START DATA SHOWN

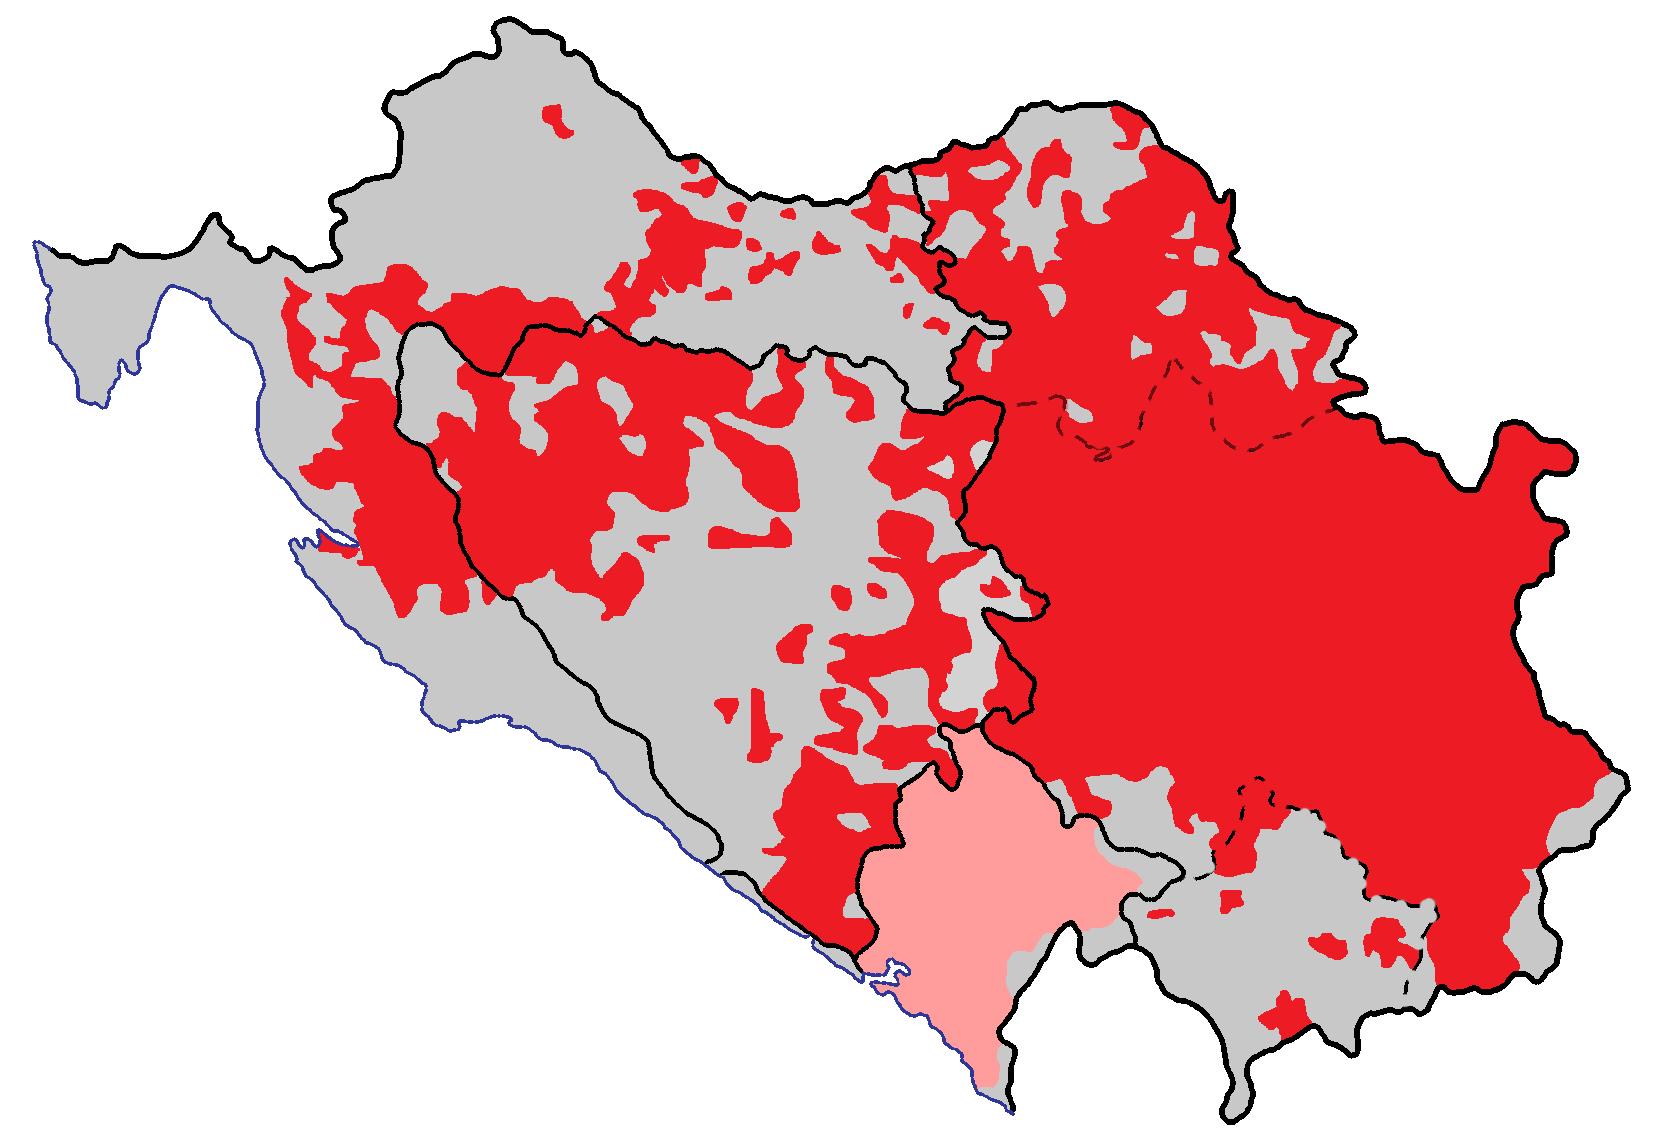 Земли современной украины входили преимущественно в 5 главных княжеств (мелких и мне важным, как турово-пинского, не будем касаться)
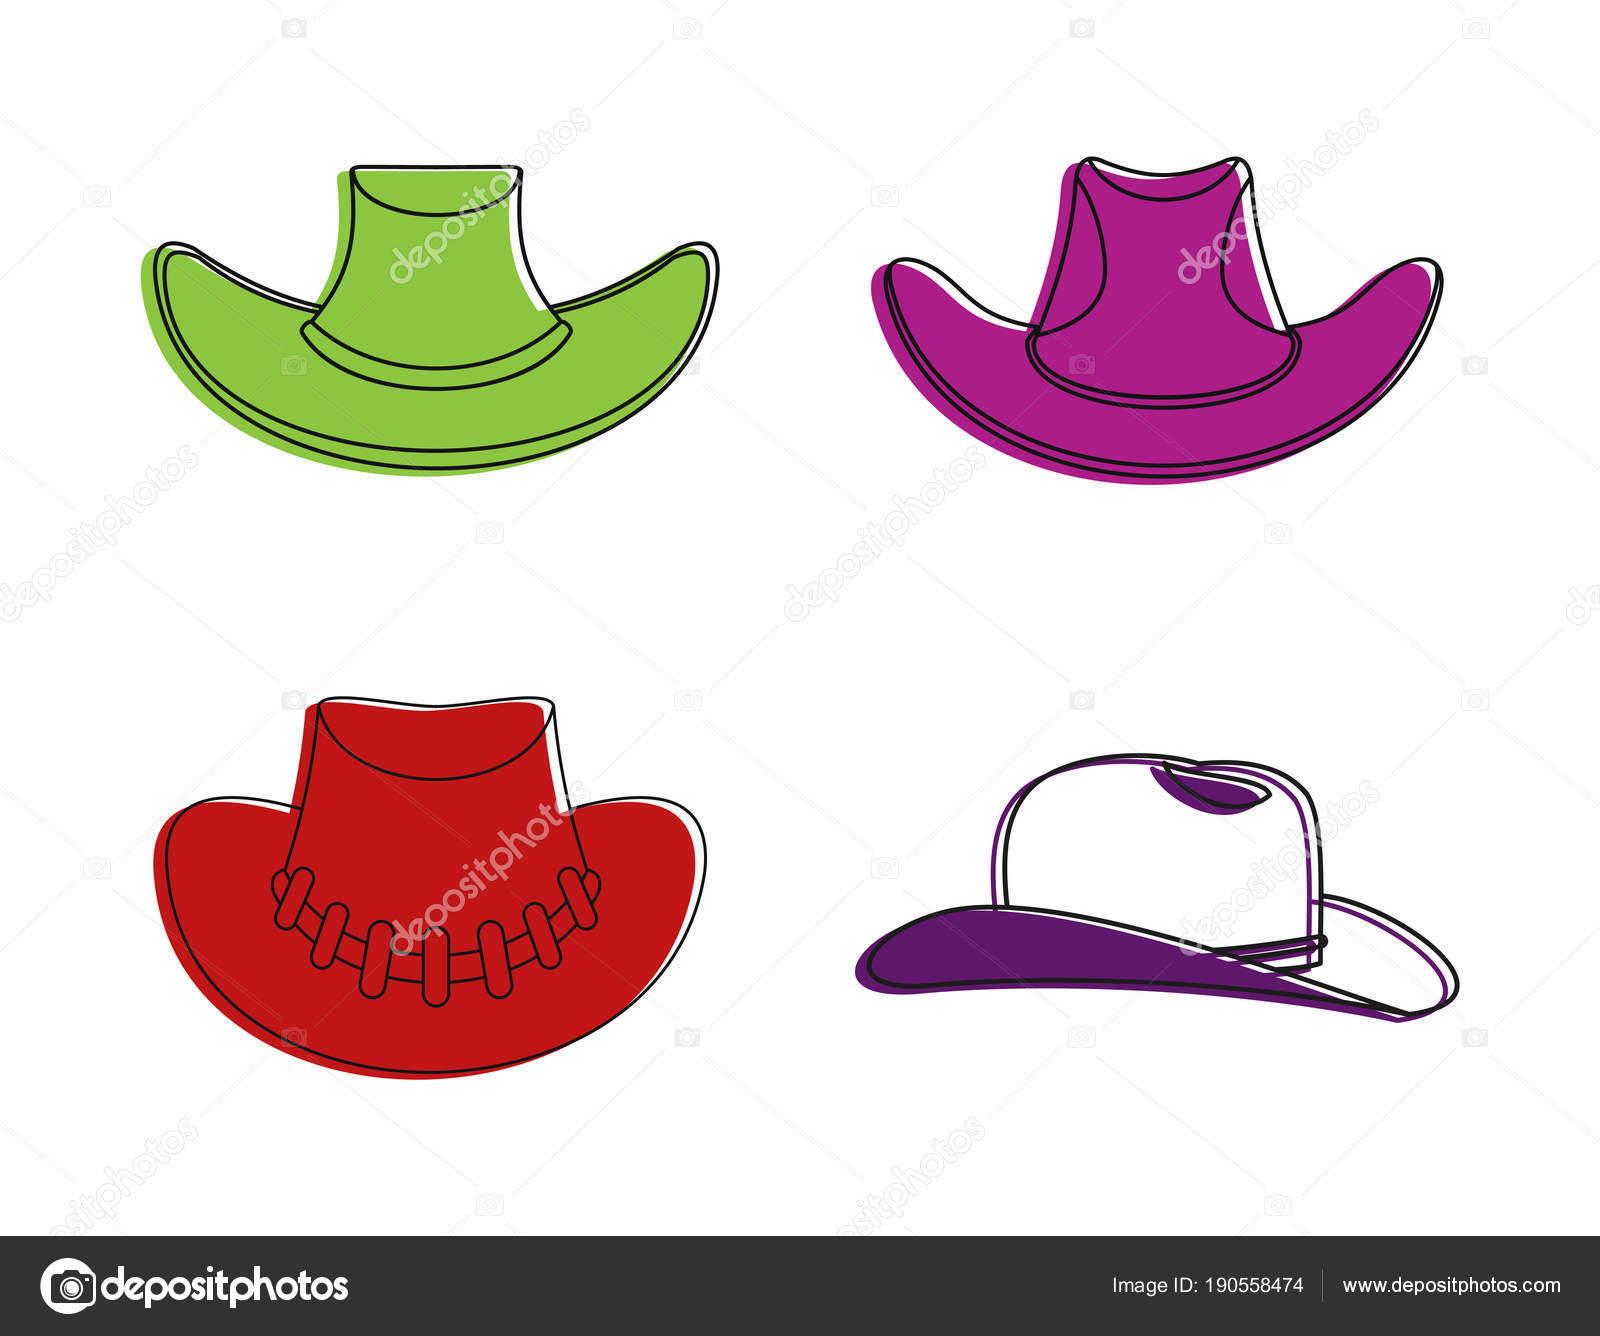 Conjunto de iconos de sombrero de vaquero. Color esquema conjunto de iconos  de vector de sombrero de vaquero para diseño web aislado sobre fondo blanco  ... 4872972a800
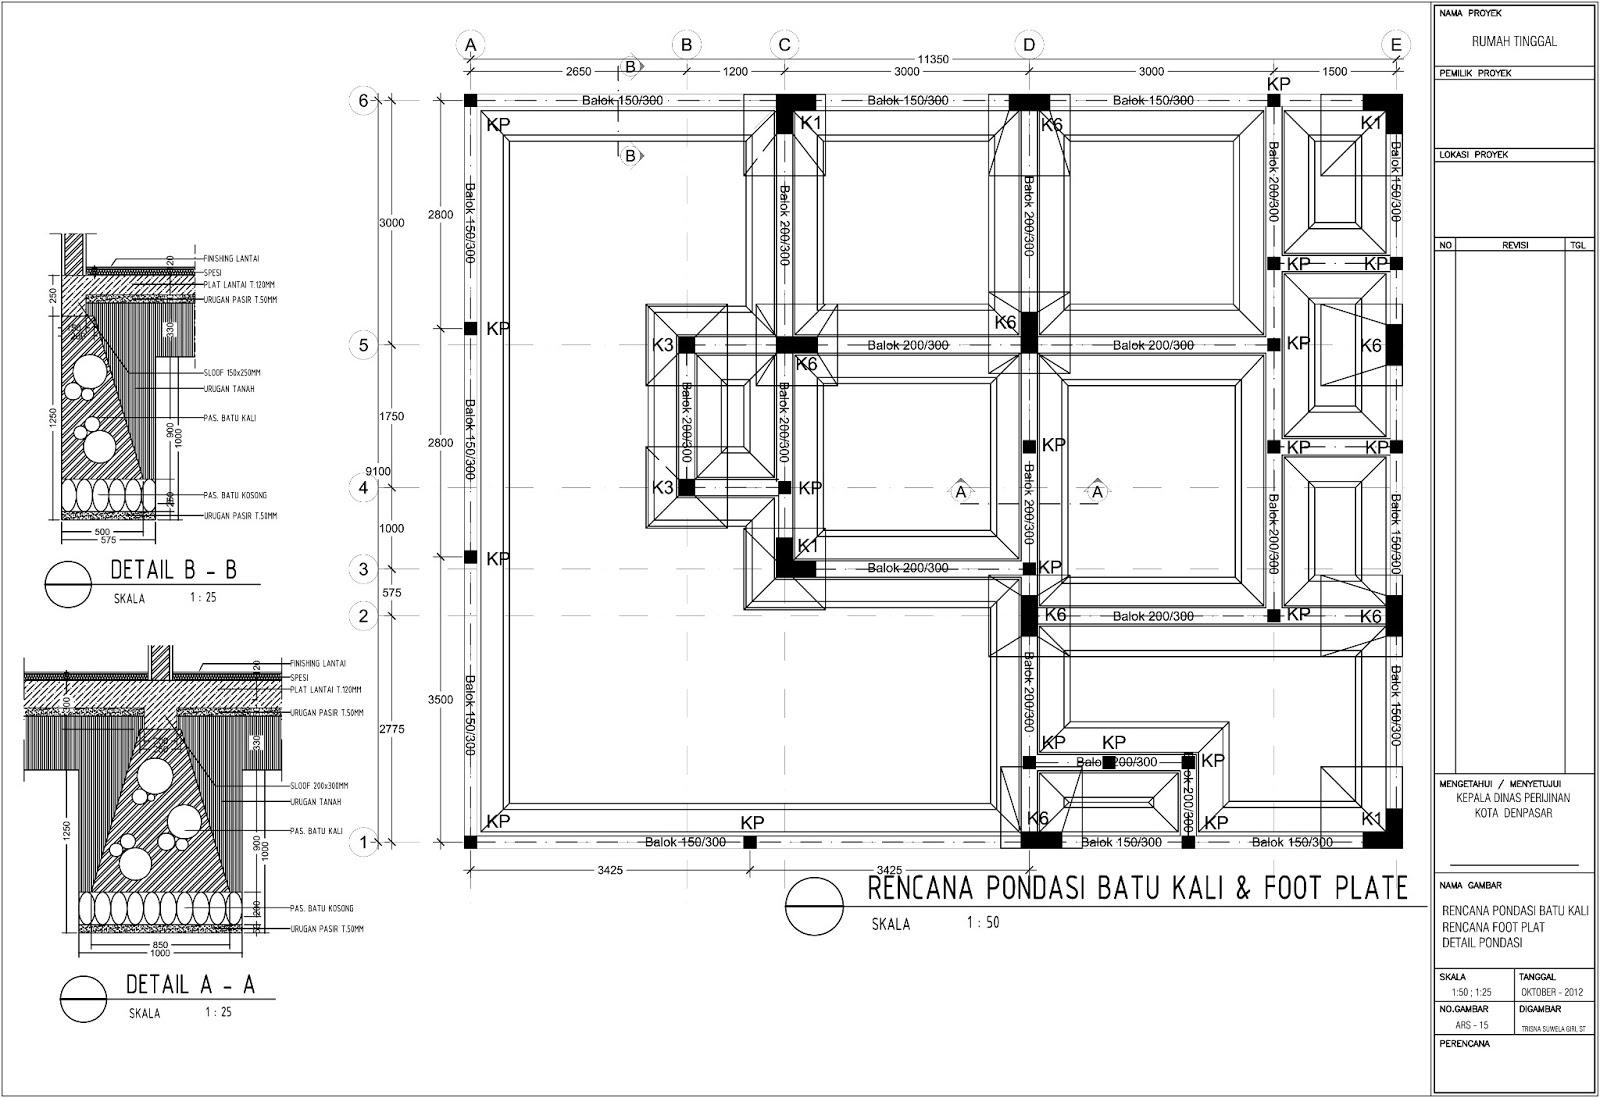 73 Gambar Rencana Gereja HD

END DATA SHOWN

_WHAT IS REQUIRED_
Everything in the listing must be restated word for word, except for the pictures.

_ANSWER BOX_
 Земли современной украины входили преимущественно в 5 главных княжеств (мелких и мне важным, как турово-пинского, не будем касаться)
 Conjunto de iconos de sombrero de vaquero. Color esquema conjunto de iconos  de vector de sombrero de vaquero para diseño web aislado sobre fondo blanco  ... 4872972a800
 73 Gambar Rencana Gereja HD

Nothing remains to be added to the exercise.